So she smiles and picks up the menu, pretending to be really interested in what to order. It’s the kind of place that doesn’t have prices on the menu which Samira doesn’t totally love - honestly, she’d rather get a dirty burger from a food truck and sit outside, some of her best memories have been sitting in the park with the Pitt crew after a shift - but she’s got a decent salary, plus she barely spends it except on rent, food and Ubers, so however much it is, she can afford it.
It’s likely that Warren will pay and Samira’s pretty sure she’ll let him, but the date could go badly and she’s always prepared to pay in case this is a man that she doesn’t want feeling like he’s owed anything.
The sommelier comes over and Warren picks a wine, looking at her with a bit of a self-deprecating smile after, like he knows this is all pretentious and he’s just playing along. Samira’s ready to ask him how his day was before something catches her eye, and she looks over at the couple being shown to a table in front of her.
No fucking way.
It’s Abbot and the woman from the bar.
Warren seems to be able to tell she’s distracted because he looks over, following her gaze, and back at her.
“Do you know them?”
“Uh, yeah,” Samira says, and shakes her head a little, trying to focus. This is so weird. “That’s my attending.”

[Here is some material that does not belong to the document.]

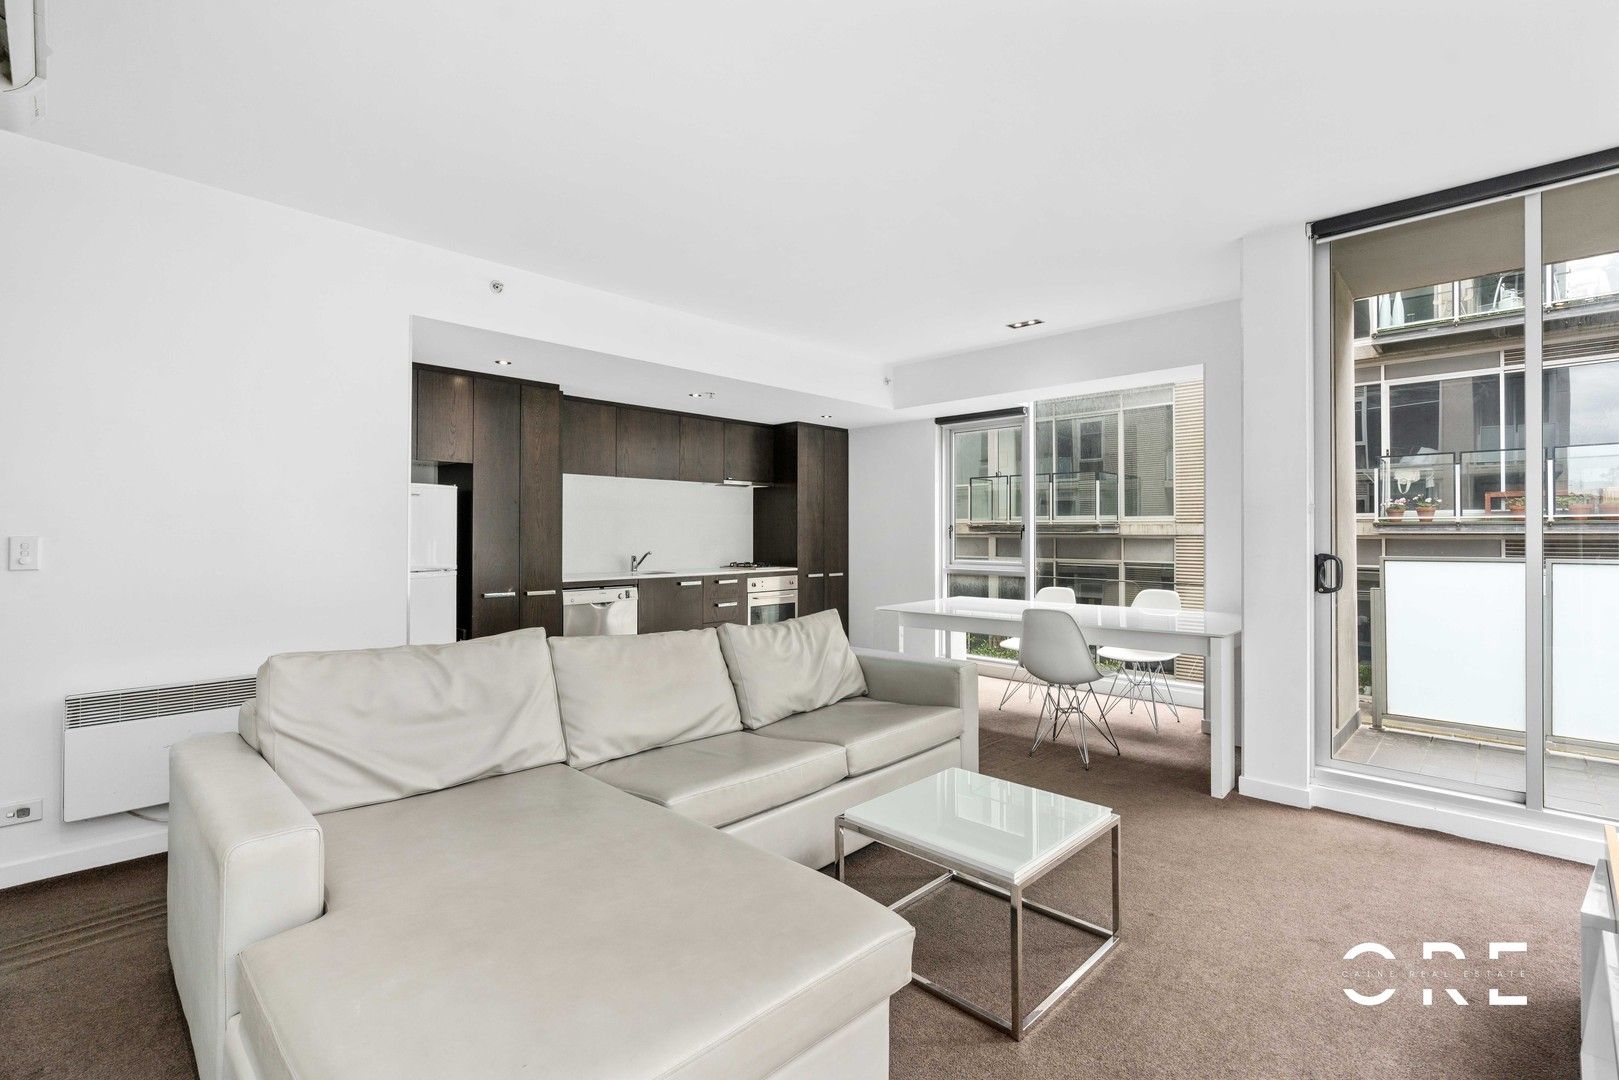 2 bedrooms House in 214v/162 Albert Street EAST MELBOURNE VIC, 3002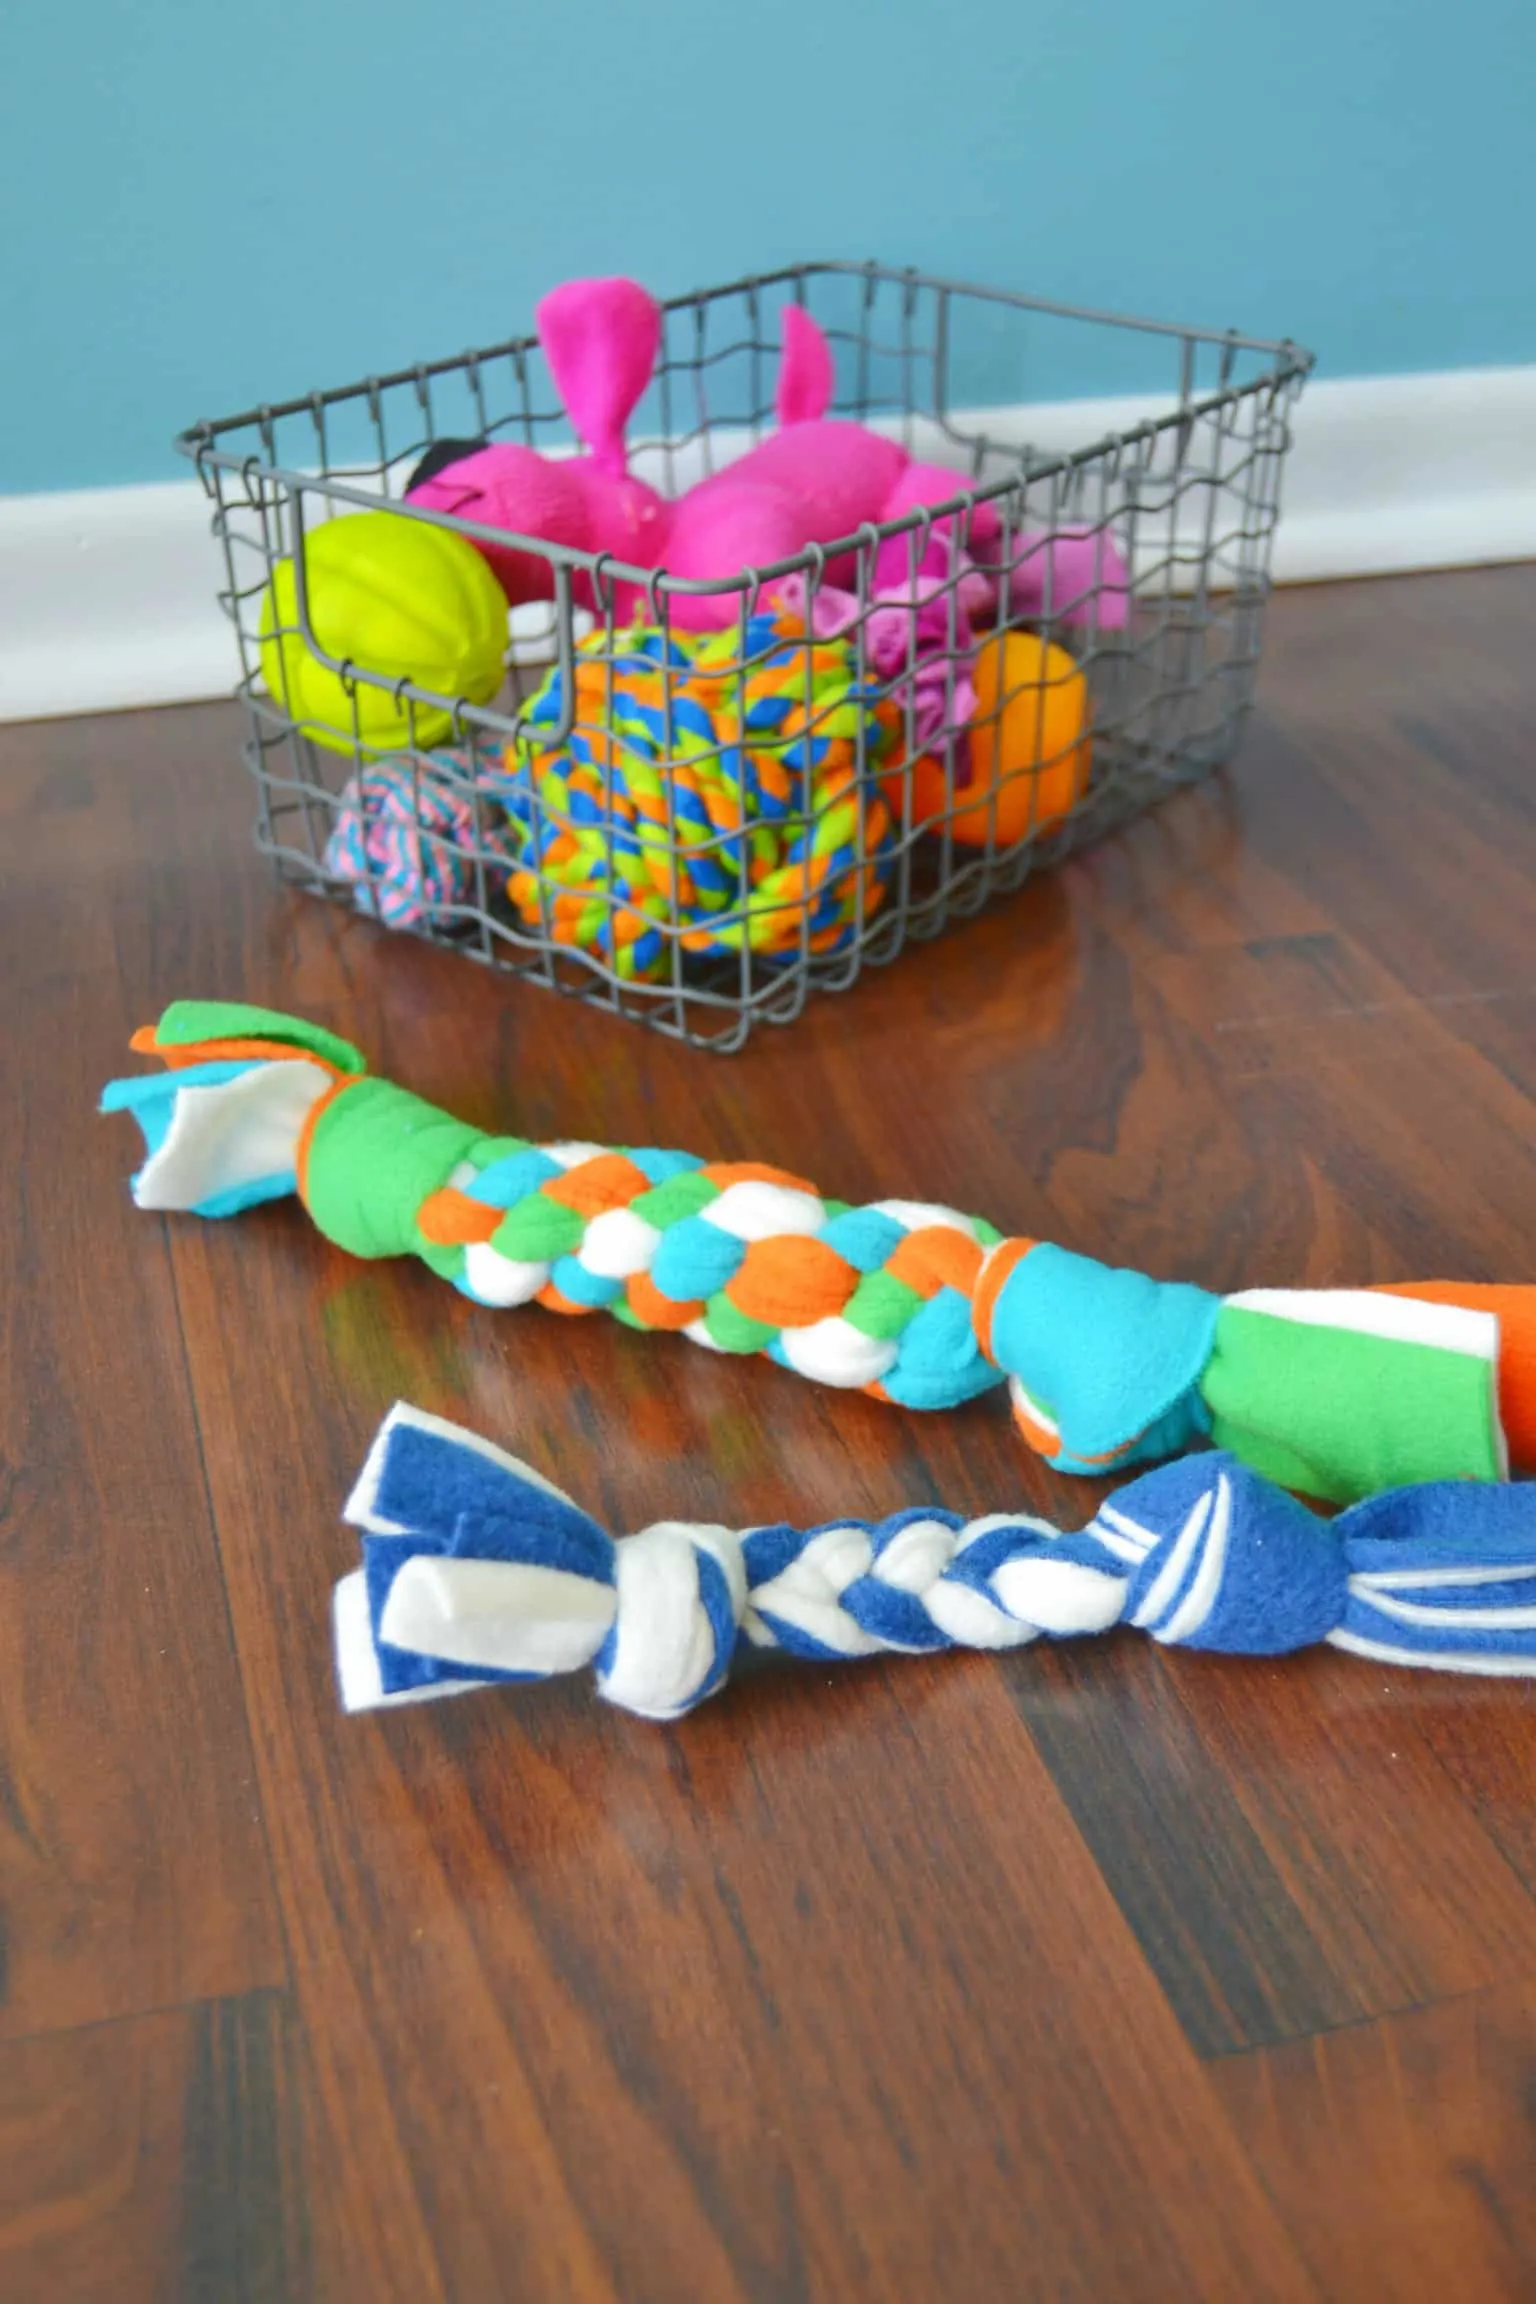 6. Square Knot Fleece Loop Dog Toy od Dalmatian DIY

“Your…?” Warren says, leaving space for Samira to fill in, and she blinks, picking up her wine glass to take a sip.
“Senior physician,” she says. “Um, person in charge of the ED. The Emergency Department, sorry. He’s a colleague.”
“Oh,” Warren says, like he doesn’t really get why that’s a big deal. He’s right, it isn’t. It’s just weird that he was at the bar and now he’s here, but he hasn’t even seen her, despite the fact that he’s been seated almost directly in her line of sight.
Samira’s looking at Warren but she can see Abbot out of the corner of her eye - he also pulls out the chair for his partner, and he’s wearing a suit, no tie, shirt open at the collar. It’s like - it’s like -
“Samira?” Warren says again and Samira looks away from Abbot, aware that she’s being rude.
“Sorry,” she says, “sorry, I was just - what were you saying? About work?”
“Right,” Warren says slowly, but he picks his story back up and Samira manages to pay attention, and if she can still see Abbot when she’s looking at Warren, well, what’s she supposed to do about that? She didn’t seat him there. It’s not her fault that she recognises the expression on his face while he’s listening to his date - the same focused expression he gets during surgery, when he’s concentrating on something, like it’s the most important thing in the world.
Warren’s finished his story and Samira casts about for something to say, something related to accountancy, which she knows next to nothing about.
She lands on, “Does that happen a lot?” and it seems to be the right thing to say because Warren’s off again, explaining something about tax season, and Samira can see Abbot saying something to his date, low and close, before he leans back and laughs in a way that Samira hasn’t seen him do before. Not, of course, that there’s much opportunity for laughter in the ED.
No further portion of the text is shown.